[Opening DATA BLOCK section]

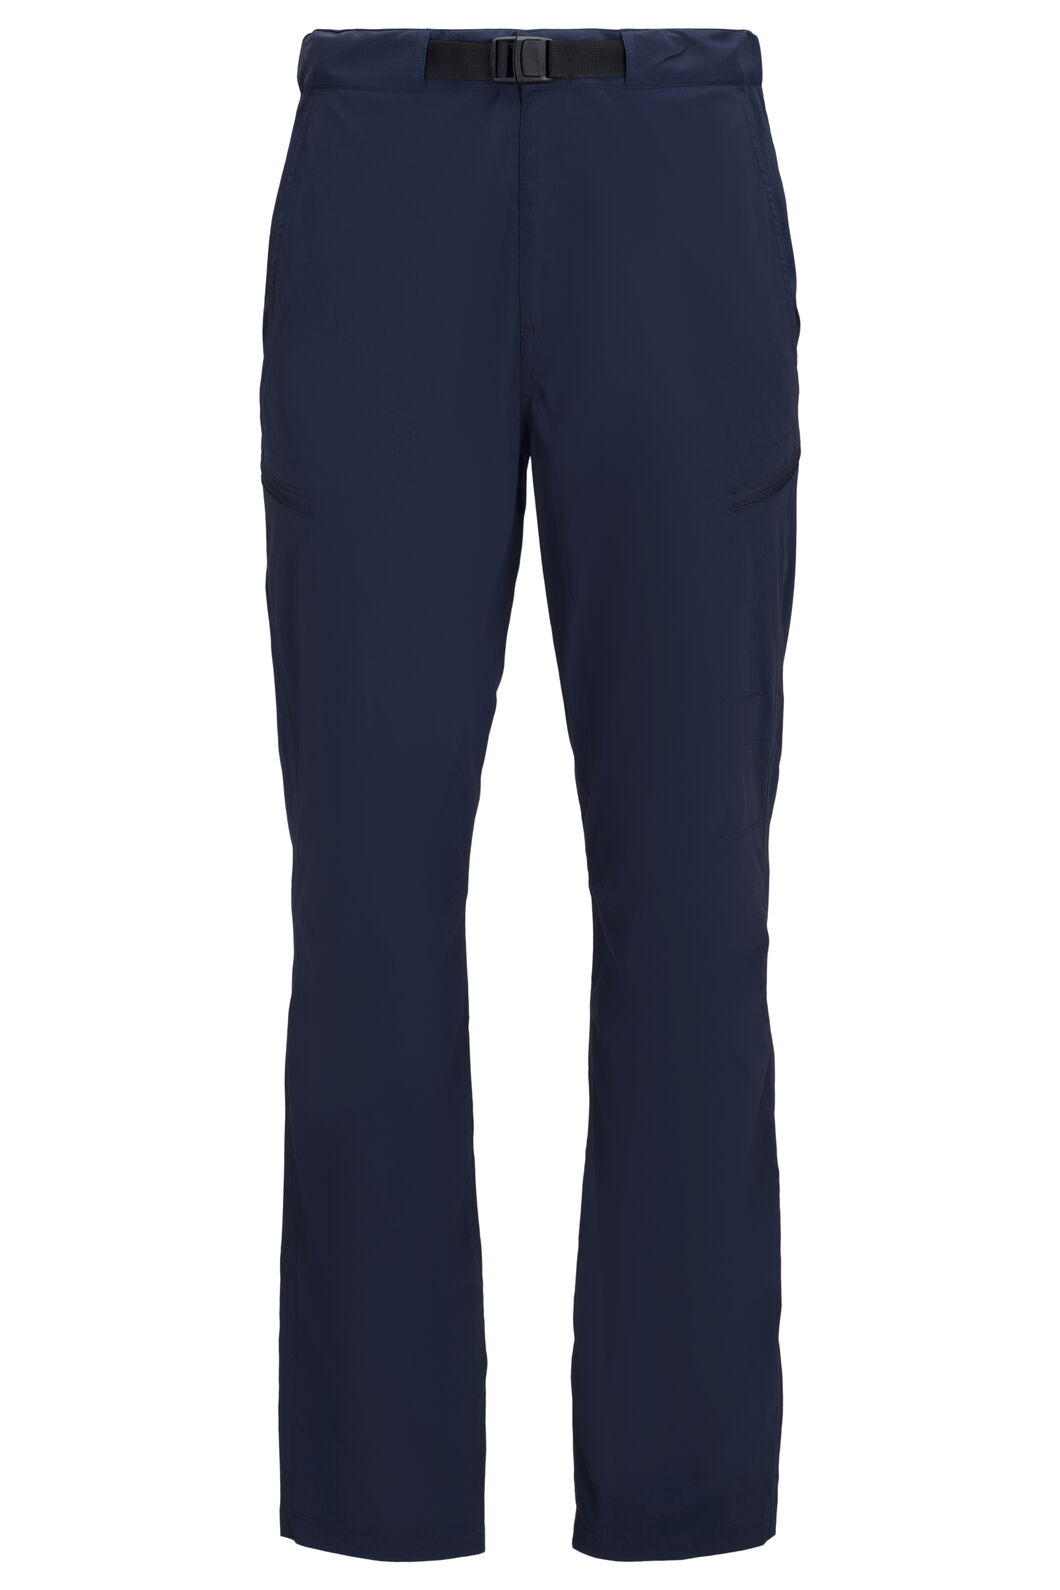 Macpac Drift Pants — Men's, Black Iris, hi-res
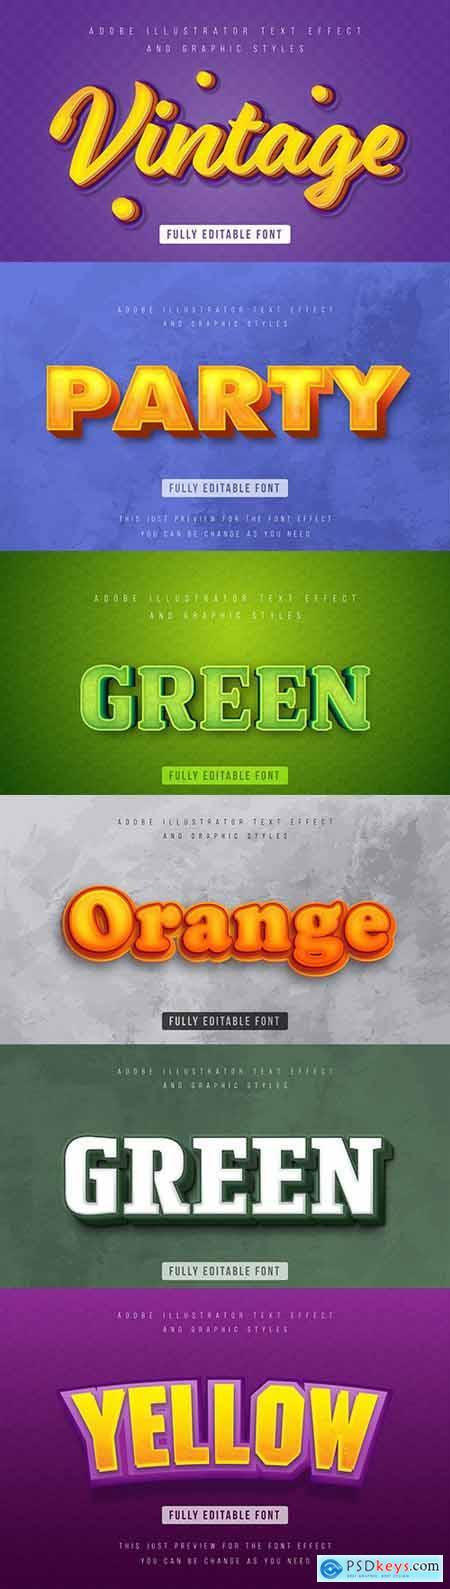 Editable font effect text collection illustration design 48
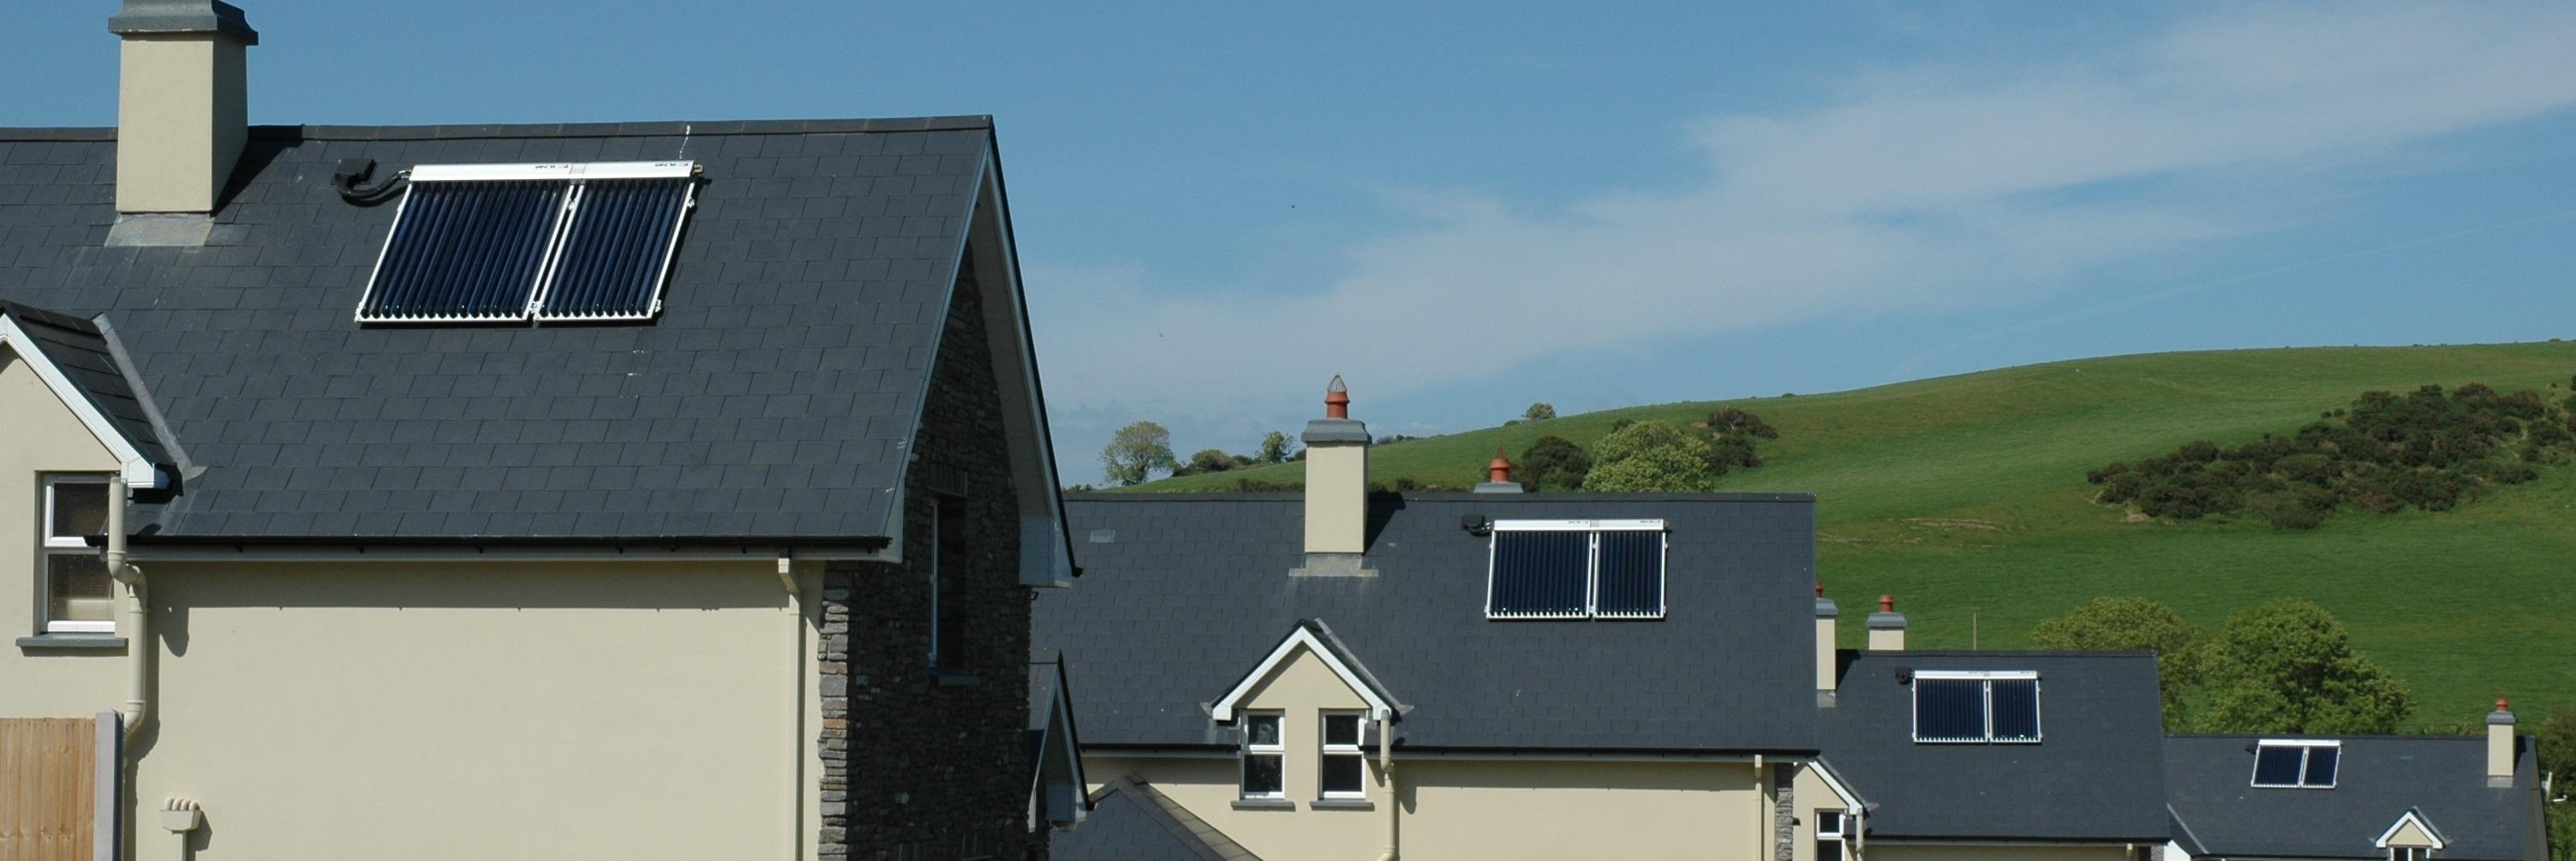 solar-thermal-scheme-in-Ballinspittle1
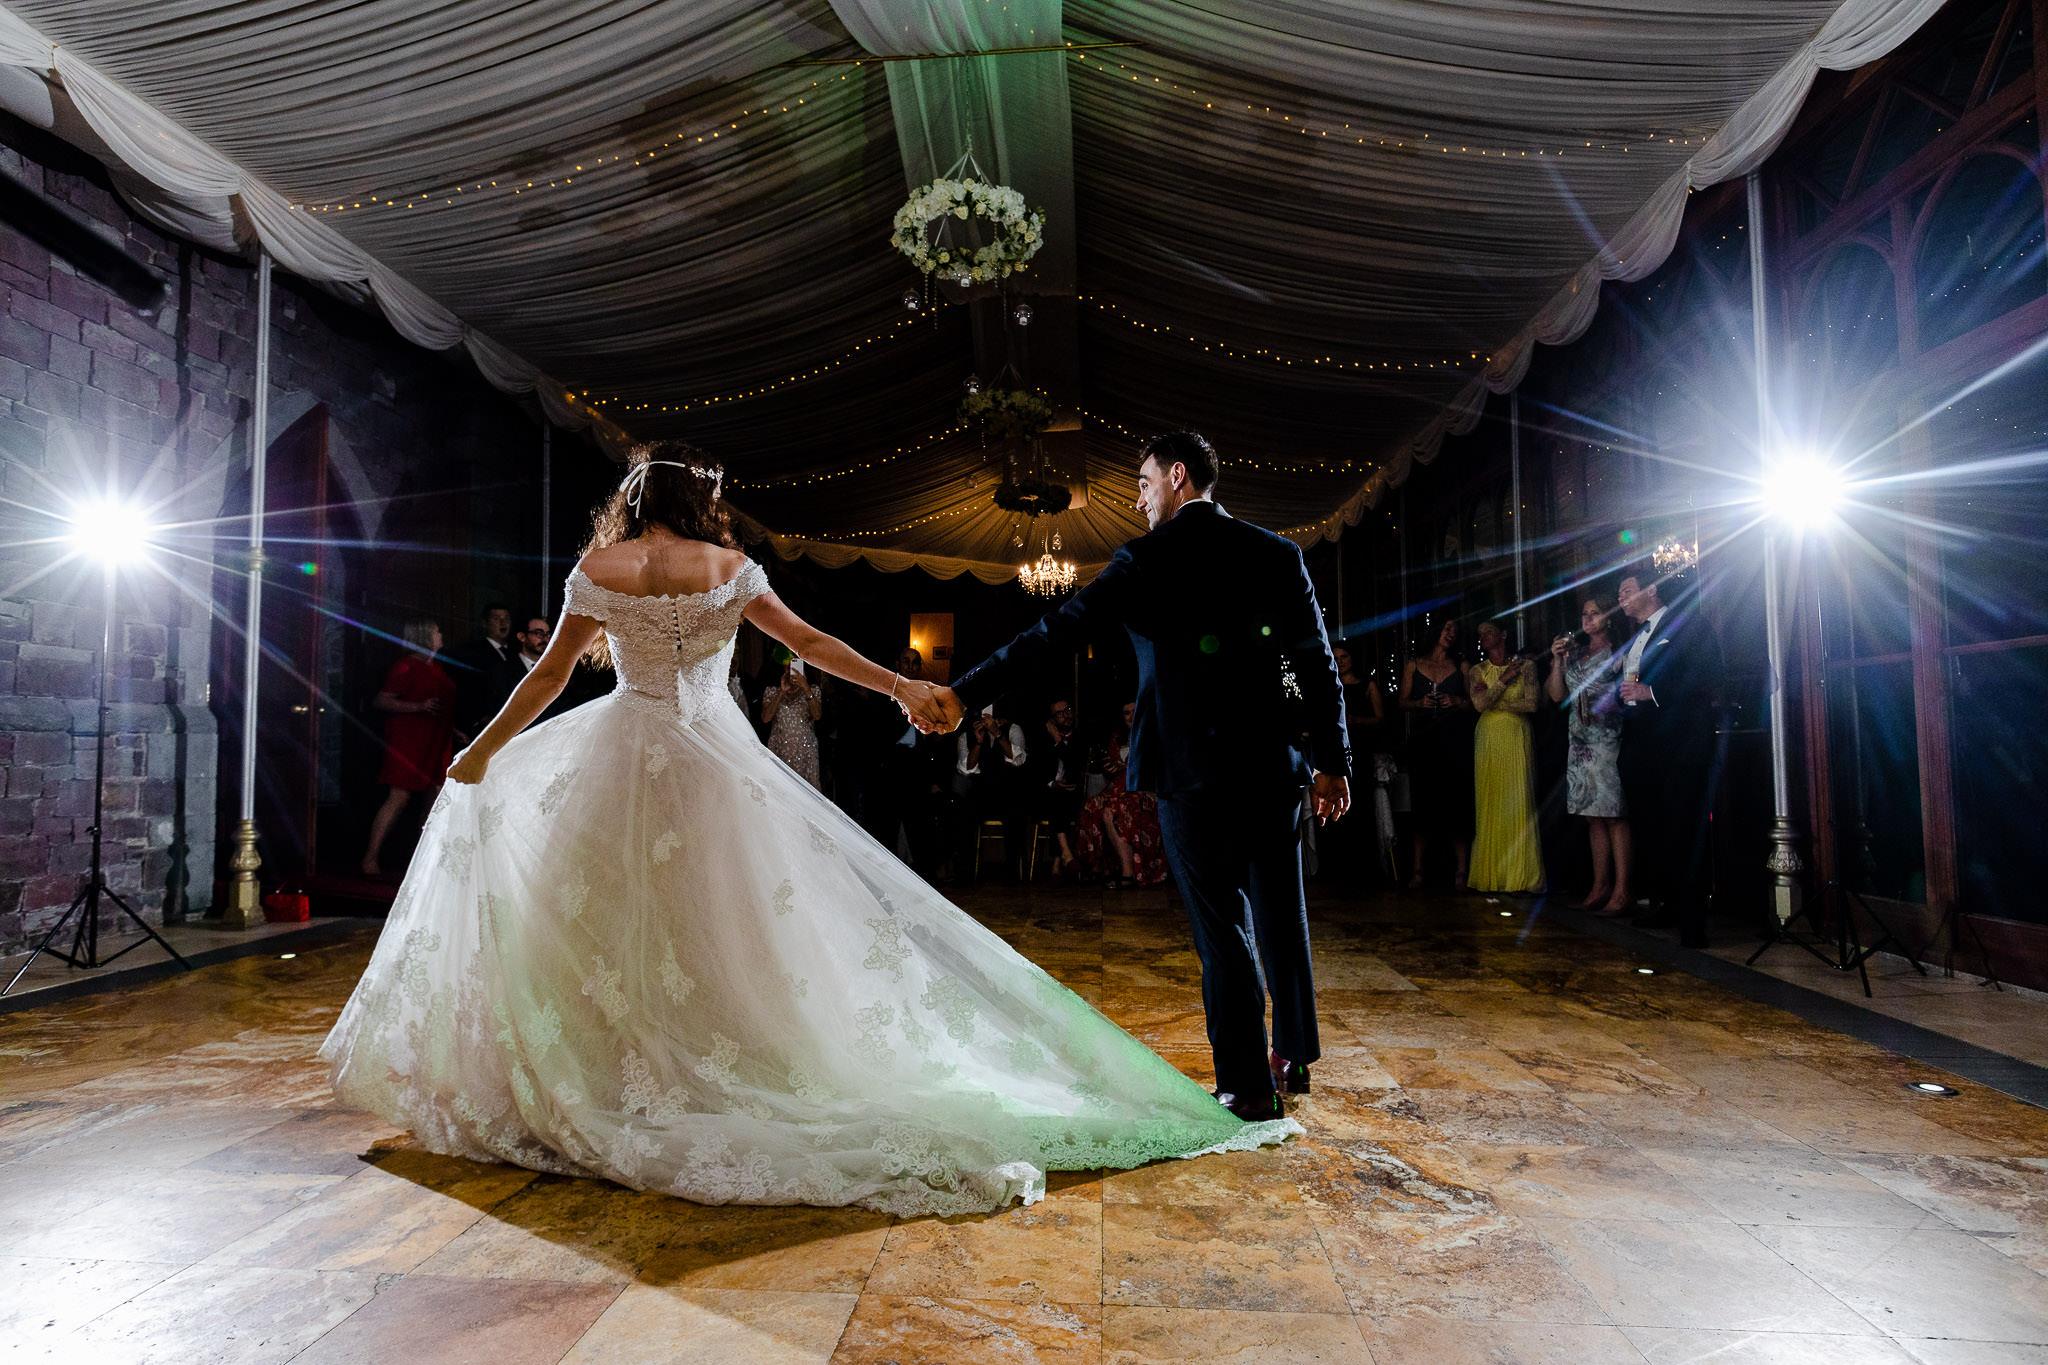 Craig y nos castle wedding photography - Bride and Groom first dance

[Closing DATA BLOCK section]

> EXERCISE
Give back the material above exactly, with each picture removed.

> RESULT FOR THIS EXERCISE
 Macpac Drift Pants — Men's, Black Iris, hi-res
 Editable font effect text collection illustration design 48
 solar-thermal-scheme-in-Ballinspittle1
 Craig y nos castle wedding photography - Bride and Groom first dance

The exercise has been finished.